28.1 The ggplot philosophy

The basic idea of ggplot is that a plot is a series of layers that you put on top of each other. Imagine it like an empty canvas, and like a painter, you add layer upon layer until you have a complete graph. In particular, ggplot needs three layers to give us something functional. Below, we will show how this might look using the dataset gapminder again.

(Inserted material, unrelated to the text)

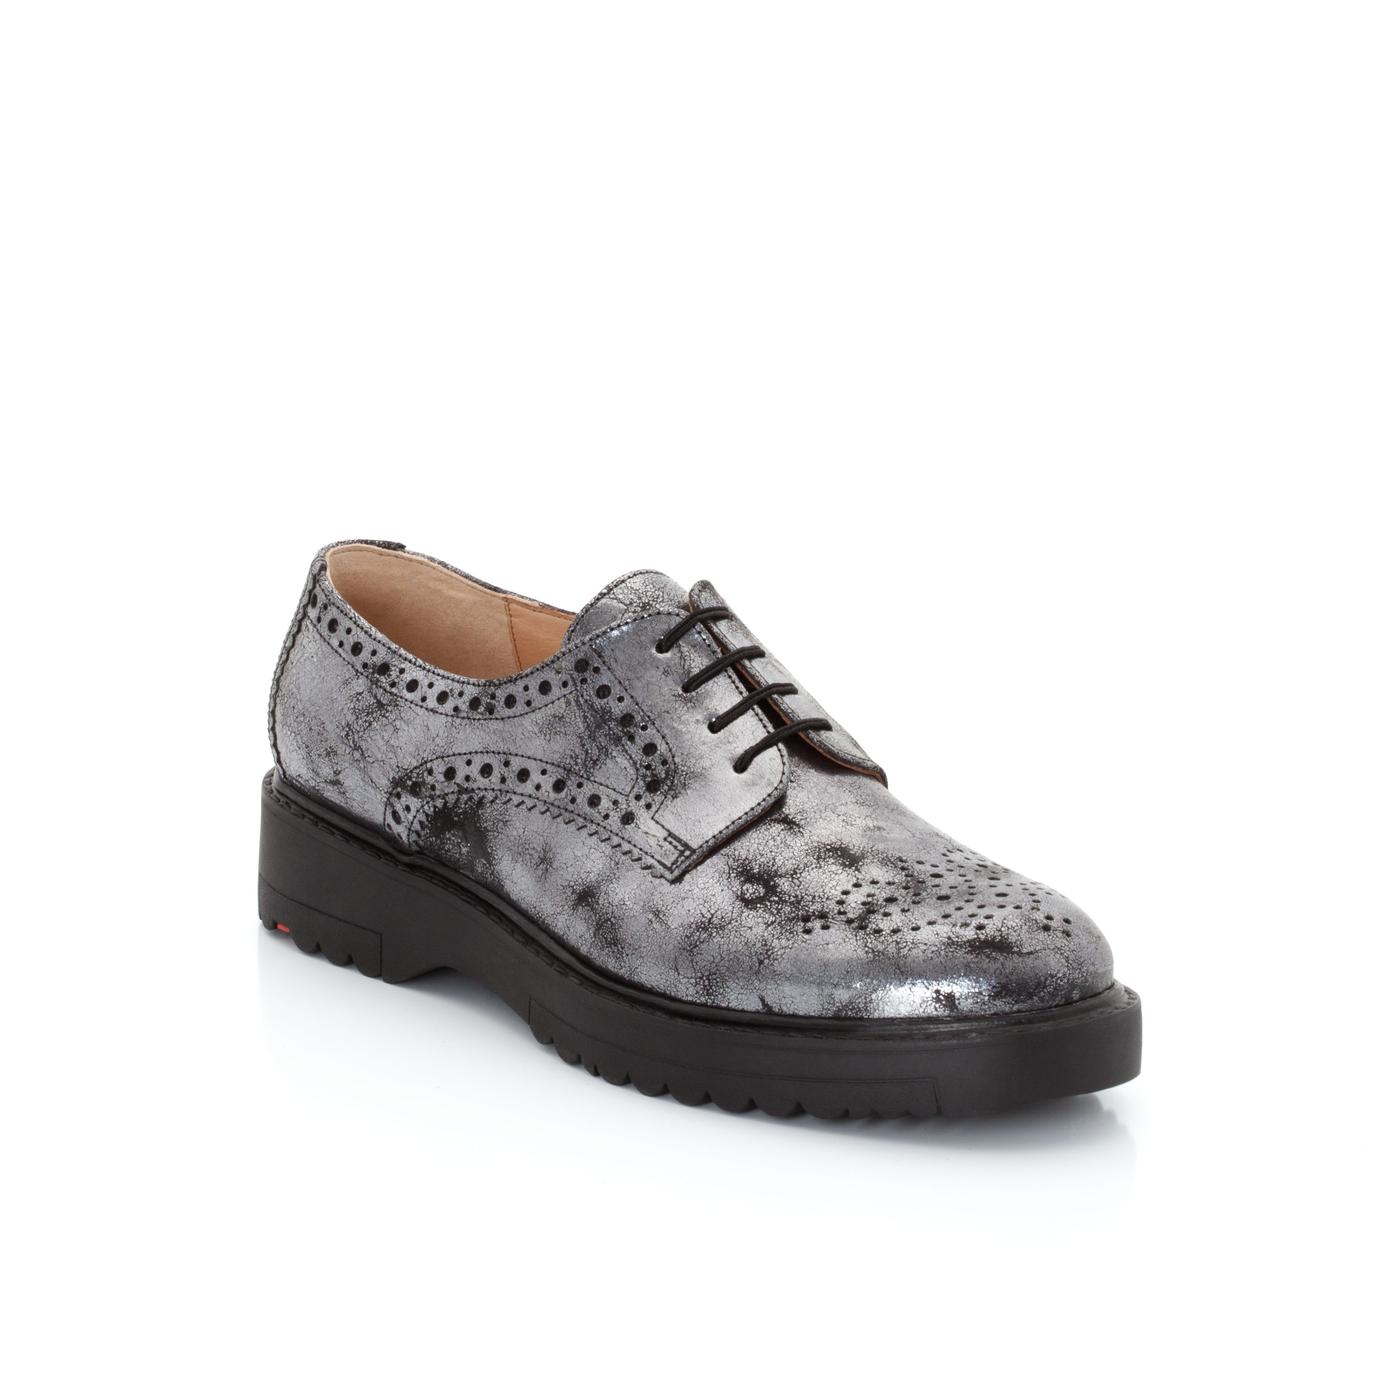 Halbschuhe | Schuhe > Boots > Schnürboots | Silber | Effektleder -  leder | LLOYD
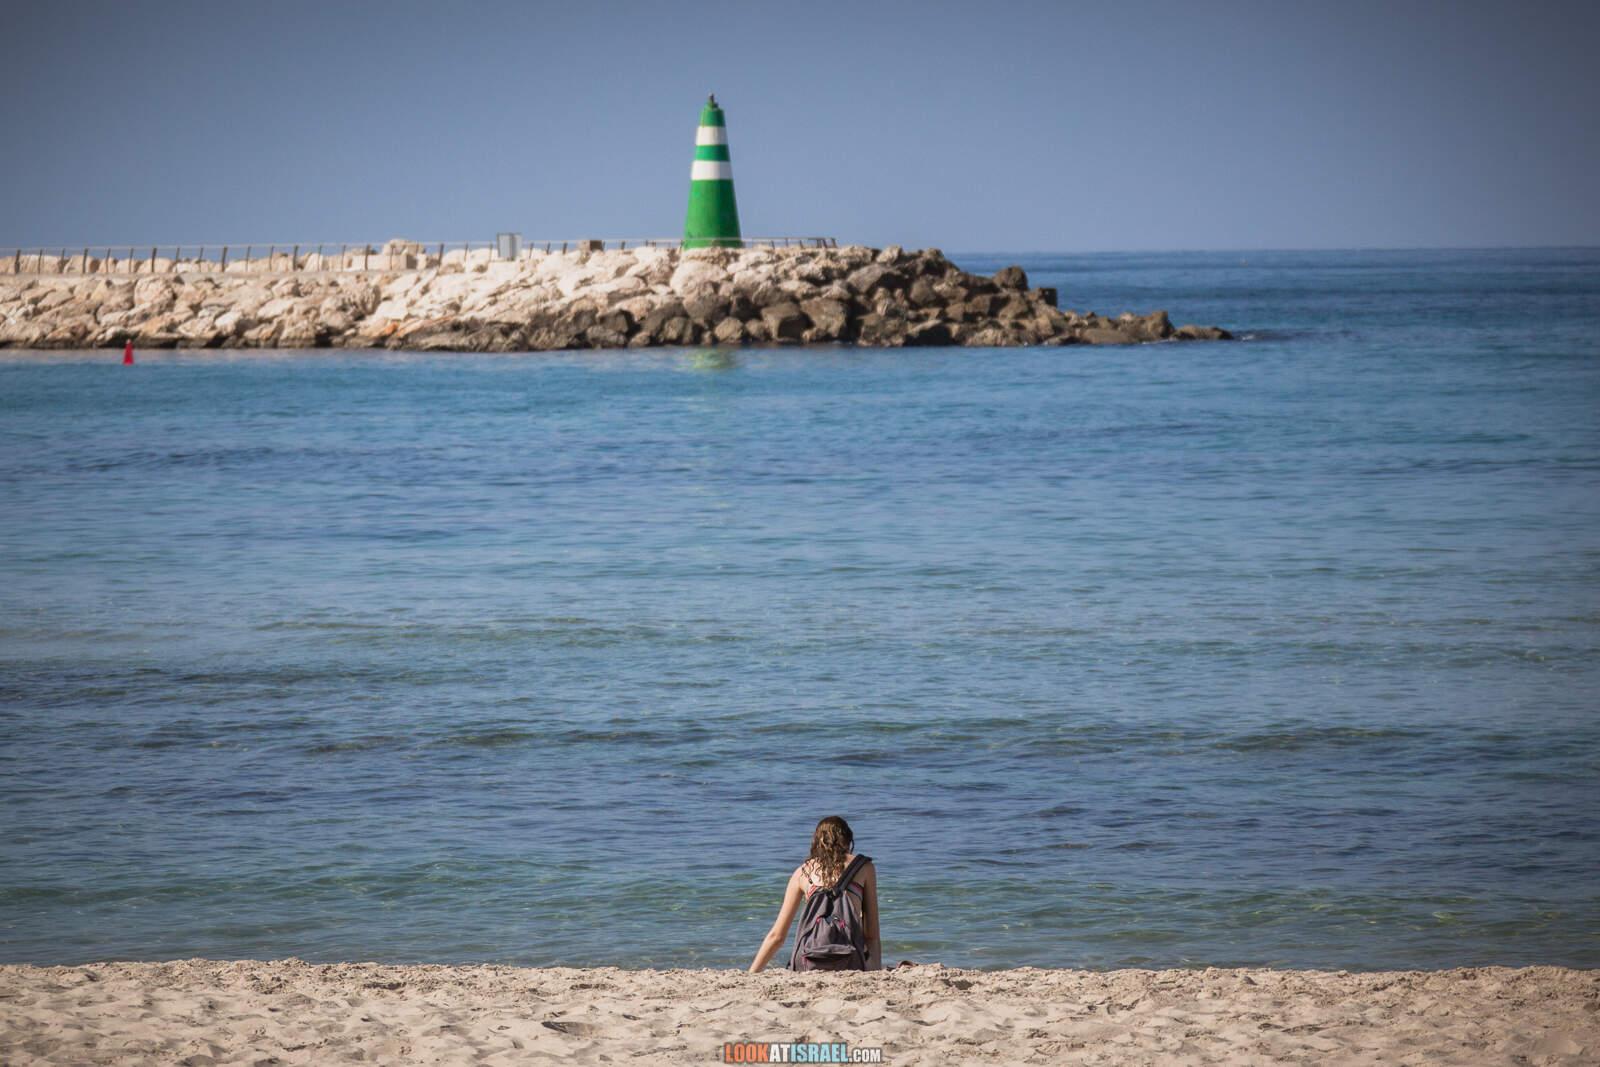 Пляжи и набережная Тель-Авива во время карантина   Lockdown on beaches of Tel Aviv   LookAtIsrael.com - Фото путешествия по Израилю

Layer 1 The first layer is the empty canvas. It looks like a blank slate where anything can be drawn, but it is confined to the data you want to use. In other words, in the first layer, you decide which data you want. You initiate this by calling ggplot() on the name of the dataset you are using.

library(ggplot2)

gapminder::gapminder %>%
  ggplot()

Layer 2 In the second layer, we need to tell ggplot which variables from the dataset we want to plot. We use the function aes() inside the ggplot() function to do this. Here, we tell ggplot to plot the variable “lifeExp”. Notice how the variable has become present on the X-axis of the plot.

gapminder::gapminder %>%
  ggplot(aes(lifeExp))

Layer 3 In the last layer, need to tell ggplot which type of plot we want. These are specified using the geom_ function. For example, if we want a histogram, we write geom_histogram. We’ll learn a few other plot types below.

gapminder::gapminder %>%
  ggplot(aes(lifeExp)) +
  geom_histogram()

Now we have a fully functional plot! This plot tells us the life expectancy for different countries over different years. More technically, it shows us how many times different values on the “lifeExp” variable occur in the dataset. The most common life expectancy for countries in the world between the years 1952 and 2007 appears to be about 70 years.

To recap, here are the three basic commands and functions for ggplot:

Layer Command Function
Layer 1 Initiate the plot, decide the data ggplot()
Layer 2 Add the variables aes()
Layer 3 Decide on the plot type geom()

28.1.1 Different plot types

In this section, I present the basic build for some different plot types, and then show some ways to modify the plots to make them look better.

28.1.2 Some repetition: Getting data for plotting

Let’s look at other types of plot. And to do this, we’ll use data from Eurostat. As we learned yesterday, Eurostat has an API we can use to gather data. Using this API, we download two datasets on European countries over different industries and years; one dataset on greenhouse gas emissions and one dataset on money spent on research and development (R&D).

What is the relationship between R&D-spending and greenhouse gas emission for different countries, for different industries, and over time?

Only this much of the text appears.